• **PROVIDED MATERIAL**:
***
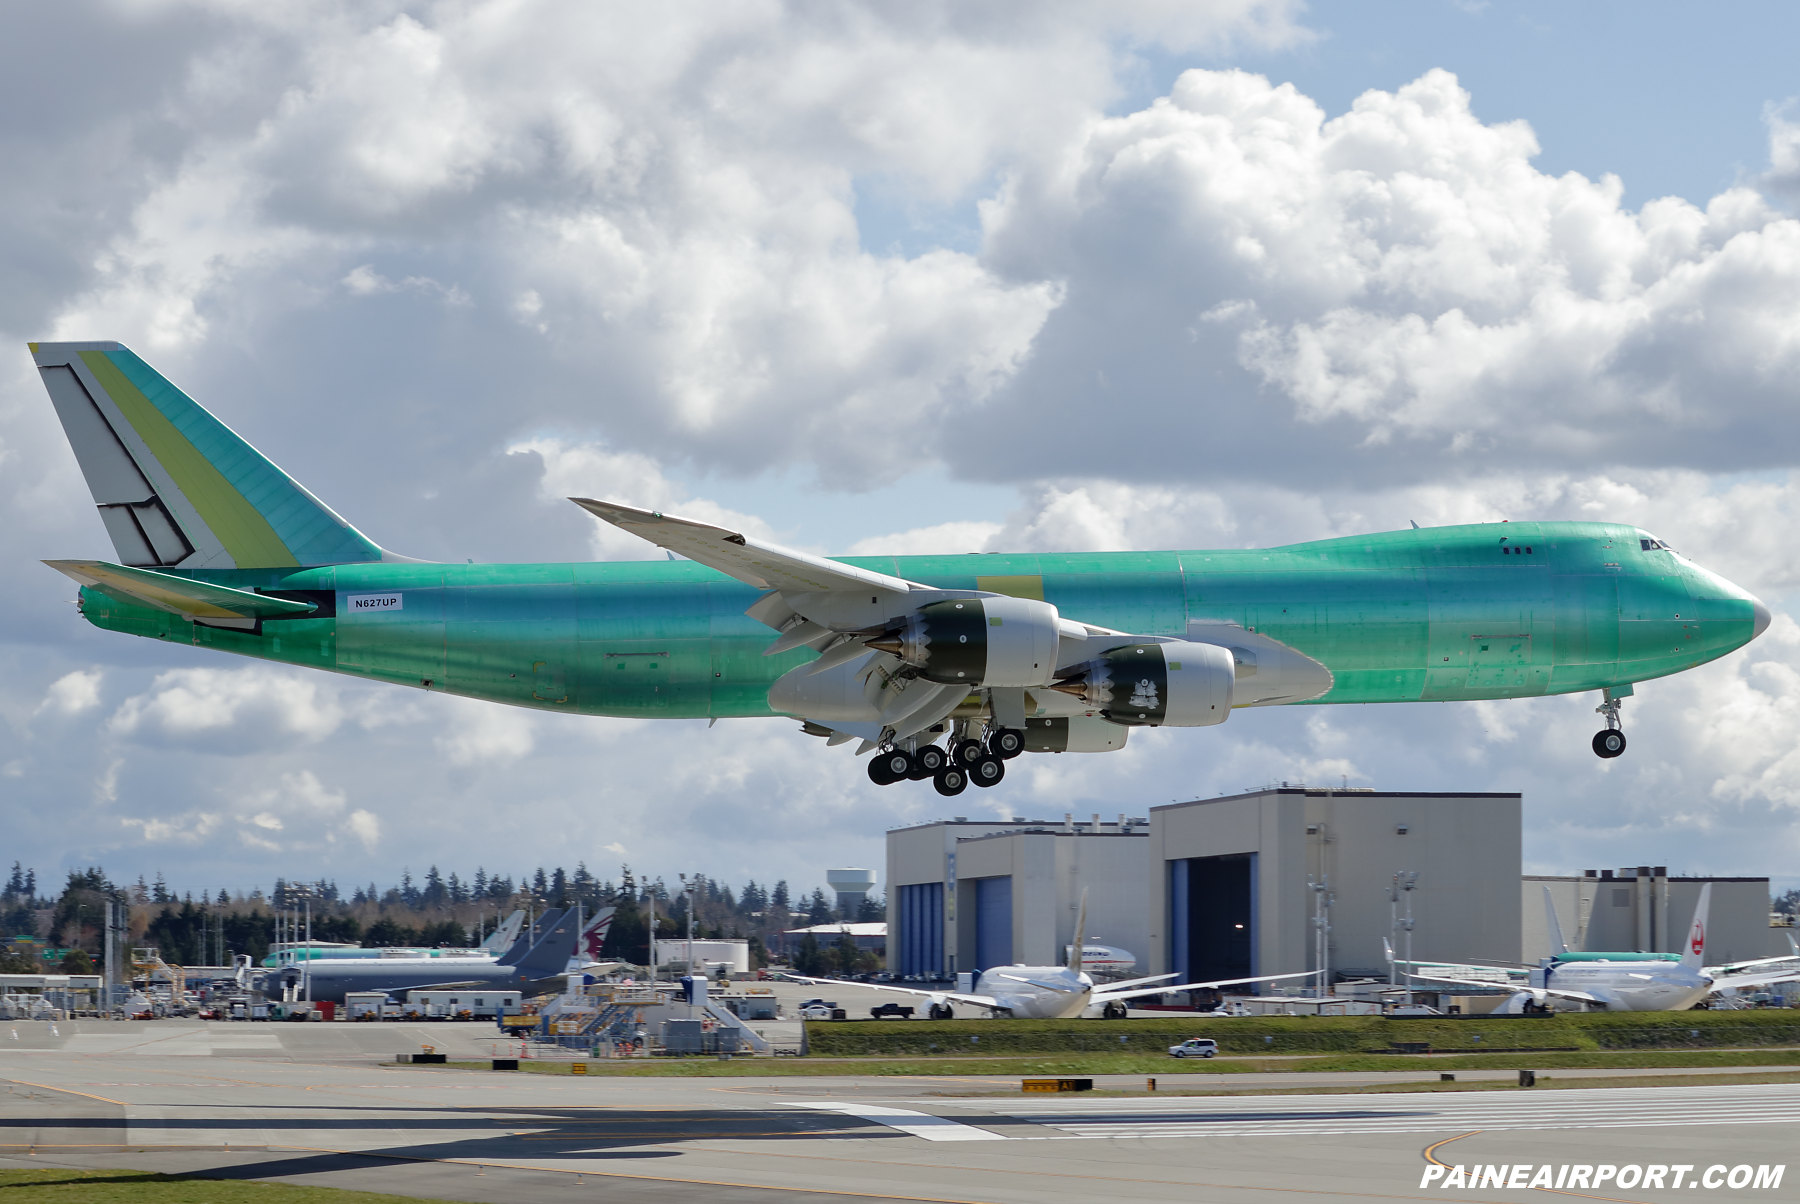 UPS 747-8F N627UP at KPAE Paine Field
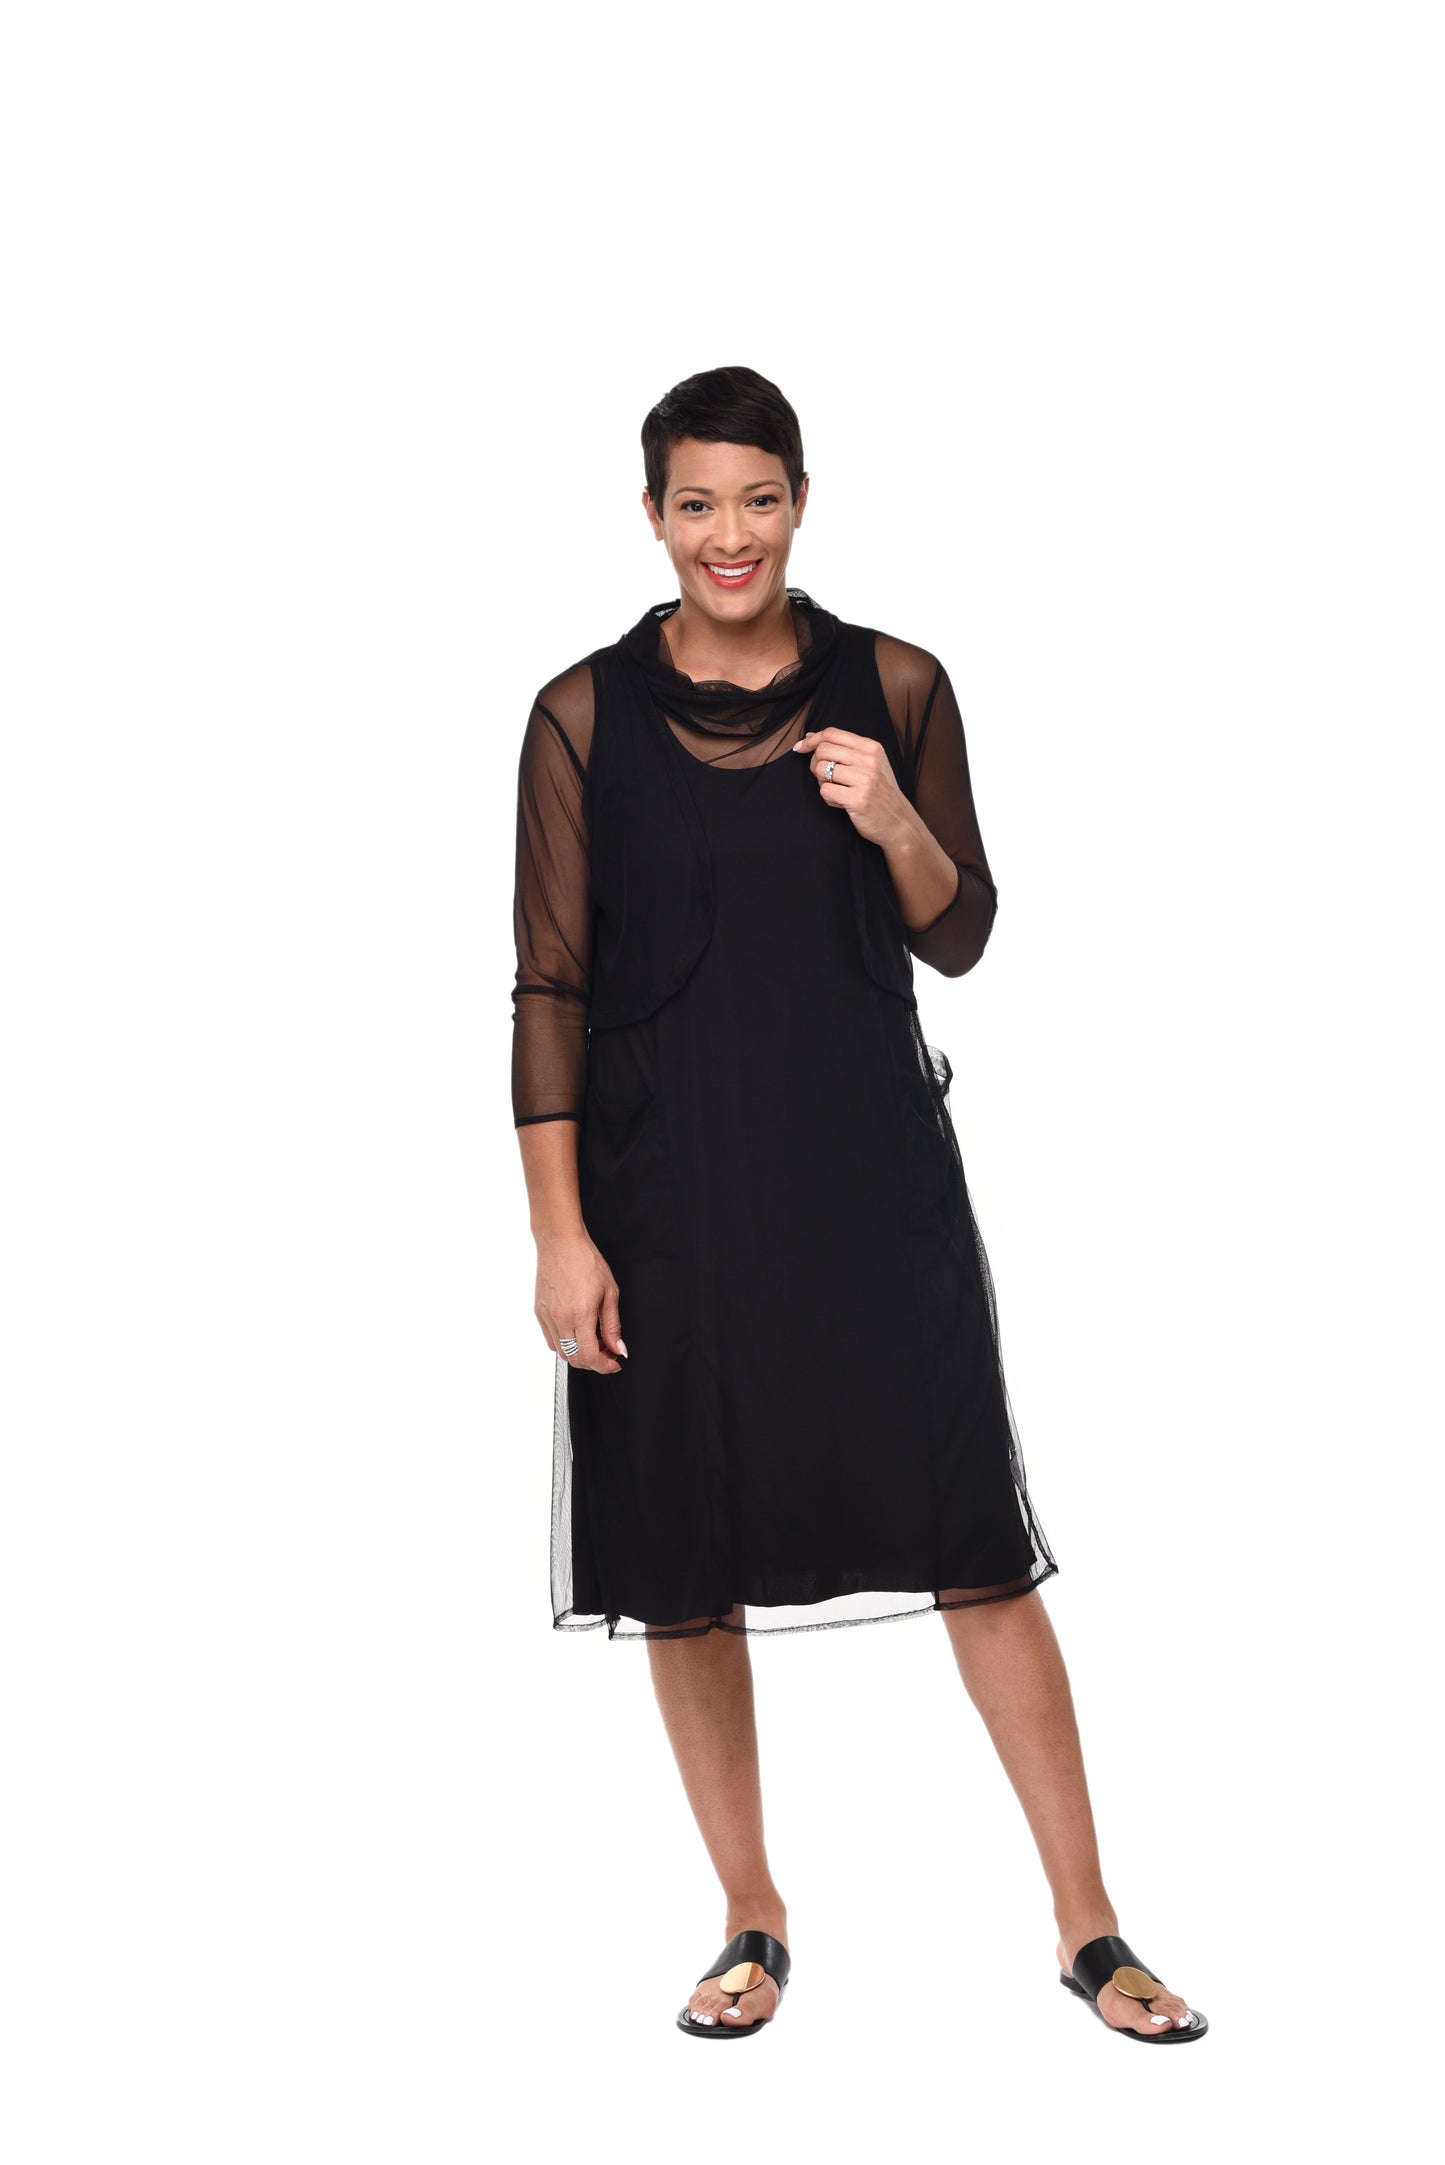 M204 Mazlyn Dress in Black with Liner*
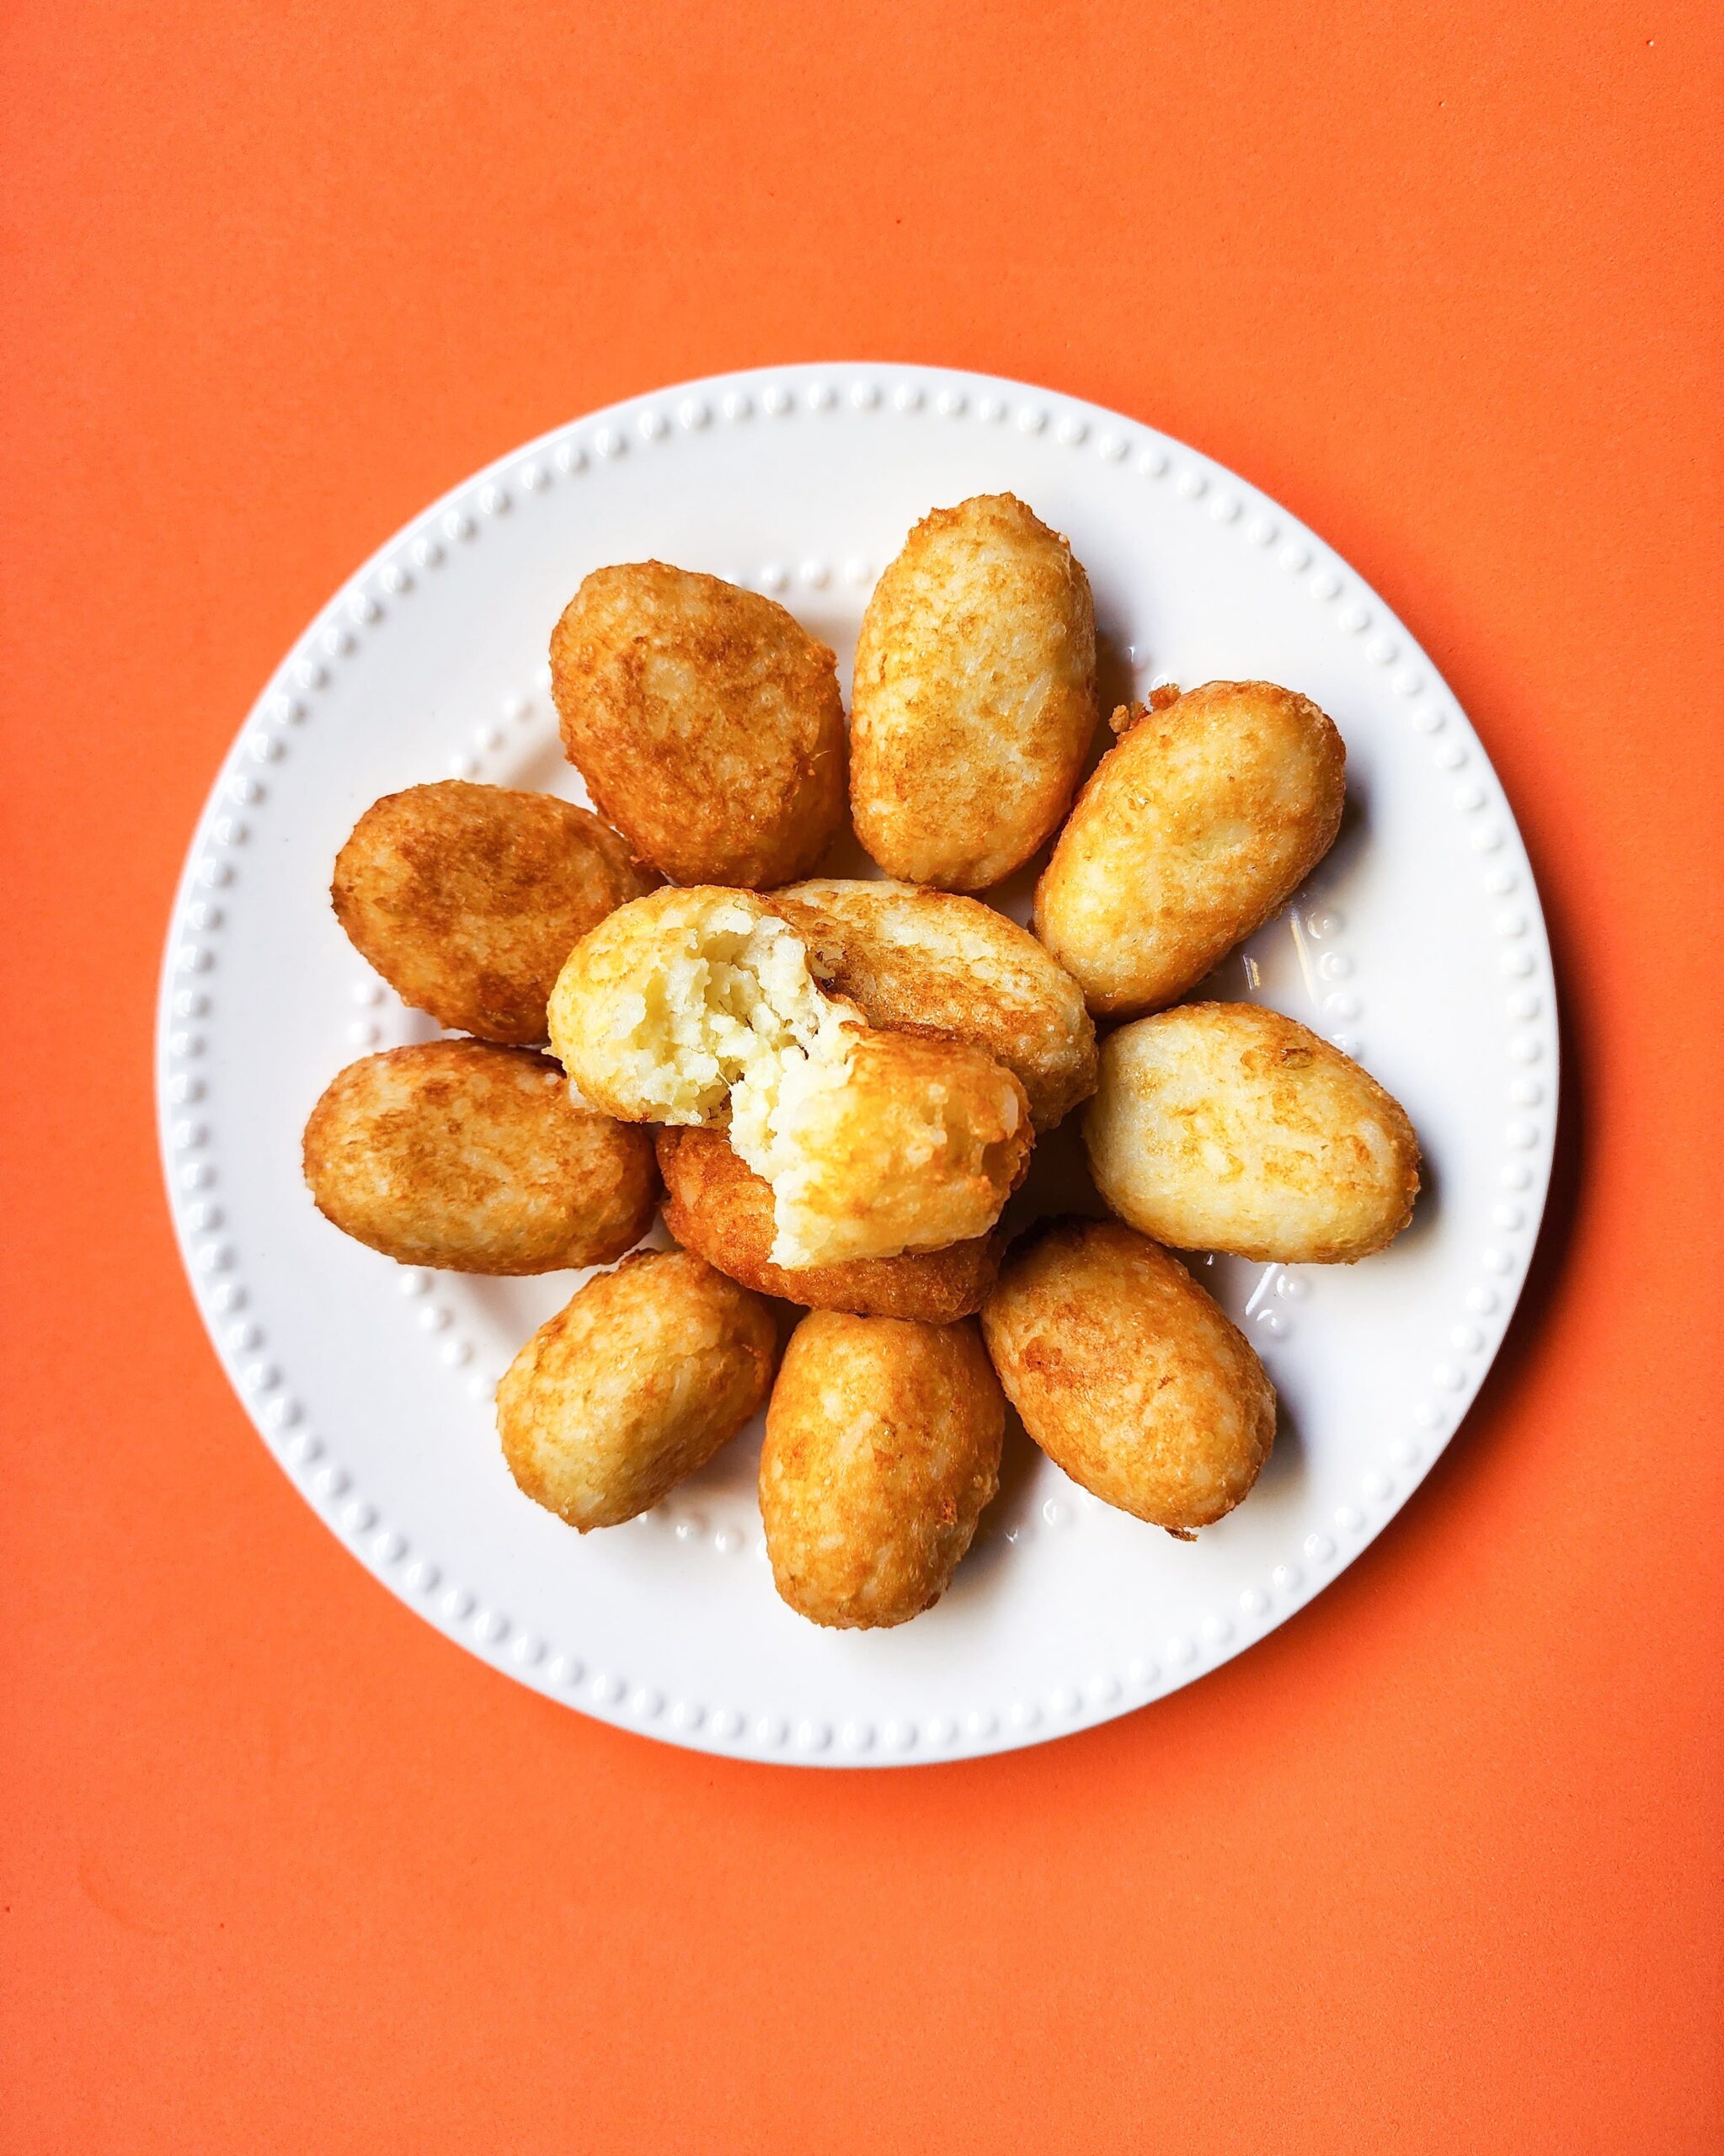 croquettes on a plate
***
• **ACTIVITY**:
Return the material as it stands. Leave out the pictures.

• **ANSWER TO THIS PROBLEM**:
 UPS 747-8F N627UP at KPAE Paine Field
 M204 Mazlyn Dress in Black with Liner*
 croquettes on a plate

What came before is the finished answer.